Sir Robin Knox-Johnston (Illustration: Shyam G Menon)

Sir Robin Knox-Johnston (Illustration: Shyam G Menon)

According to the list of solo circumnavigators available on Sir Robin’s website, for almost four decades after Slocum’s voyage in 1895-98, there wasn’t anyone successfully finishing a solo trip. From one voyage in the 1930s, it gradually rises in frequency each decade. In 1966, Sir Francis Chichester sailed the Gipsy Moth IV around the world with just one halt – Sydney (I remember, when I was a child, my paternal grandfather read a book about this voyage. It was borrowed from Thiruvananthapuram’s British Library). It inspired a new Holy Grail – circumnavigating solo and nonstop. In 1968 Sir Robin did just that in a legendary Sunday Times sponsored-race, the subject of Peter Nichol’s book ` A Voyage for Madmen.’ For the one man who finished the race and another who could have had he wanted to, their boats were as crucial as their own skills at sea.

“ The sort of boat I wanted for a round-the-world voyage would have to be seaworthy and easy to handle. She would also have to be robust, and not at all complicated, and as I wanted to make a fast passage she would have to be long on the waterline, since it is upon length here that the theoretical maximum speed of a hull is dependent. She would also have to be ridiculously cheap to construct as I did not have a lot of money to spend. This, of course, is what every prospective boat owner is after: the impossible for the ridiculous.’’ – Sir Robin, in his book: ` A World of My Own.’ Money remained a problem and Sir Robin eventually raced with the `Suhaili,’ a wooden ketch built earlier in Mumbai, when he was posted there. She was hardly the swift vessel a race around the world demanded. But she was sturdy, capable of steady sailing.

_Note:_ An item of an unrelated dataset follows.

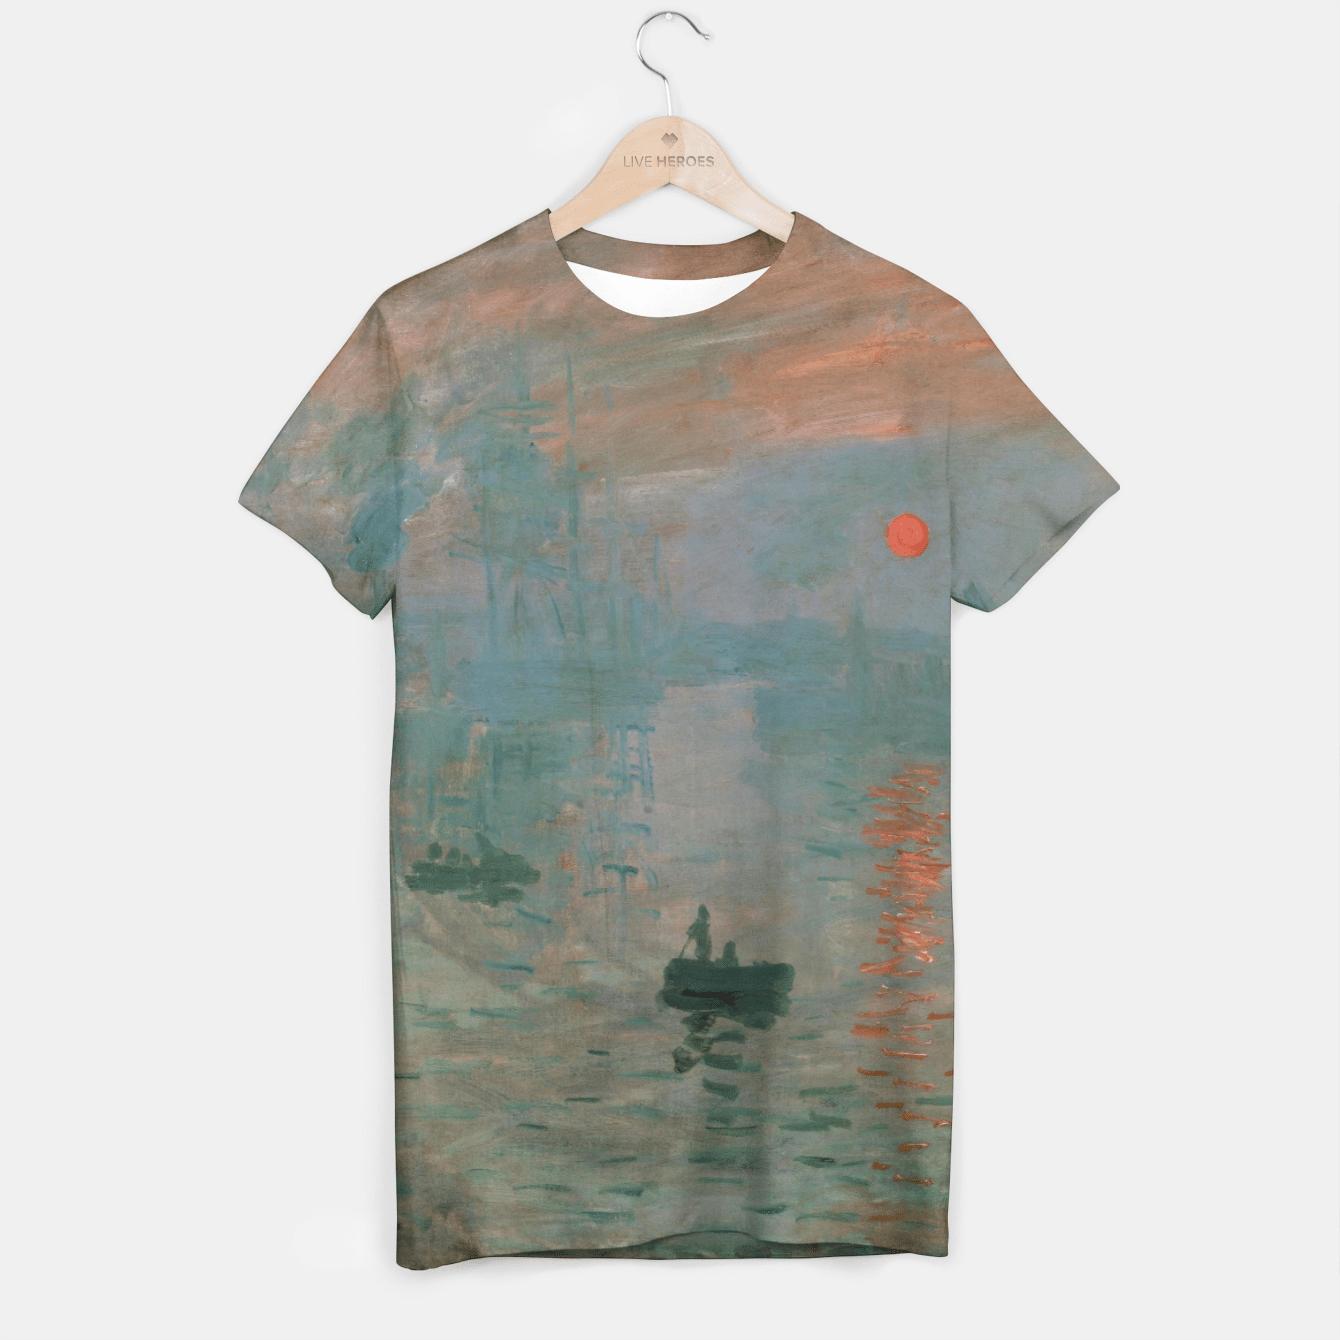 iMPRESSiON, SUNRiSE BY CLAUDE MONET T-shirt, Live Heroes

Almost four decades later Donde, having volunteered for the Indian Navy’s Sagar Parikrama project, expected as much from the boat in his thoughts. She must be reliable – a safe vessel to sail in. She had to be “ idiot proof’’ – Donde’s description for how forgiving she had to be to the first time circumnavigator’s potential mistakes. Only next did other parameters matter, speed being one, for which she could be long. The navy approached the reputed Dutch boat designing firm -Van de Stadt, explained their need and secured the rights to build a model called the ` Tonga 56,’ a 56 feet-long sloop that was essentially designed for charter trips. Alongside, the navy also dispatched a team to short-list competent boat yards in India, where the vessel may be built.

(…..TO BE CONTINUED)

(The author, Shyam G Menon, is a freelance journalist based in Mumbai.)       

SAGAR PARIKRAMA – PART 2

TWO SOLO VOYAGES, BACK TO BACK

Illustration: Shyam G Menon

Illustration: Shyam G Menon

Diwar Island is accessed by ferry from Old Goa.

Long ways off from where you land on the other side, is Naroa (pronounced Narwa) and further on is the point where the Konkan Railway’s bridge spans across the Mandovi River. From a passing train, if you look seaward, right below at the edge of Diwar Island, you will see the boat yard started eighteen years ago by Ratnakar Dandekar and his wife. Called Aquarius Fibreglass, the company traditionally made small crafts. They had just burnt their fingers building a big 20 metre-vessel for a state government with the associated rigmarole of delayed payments et al, when the naval team arrived to find out if they could be short listed for not just a long 56 feet-vessel for government but a sail boat at that. Dandekar is an instrumentation engineer. His father is a naval architect. None at Aquarius had built sail boats before.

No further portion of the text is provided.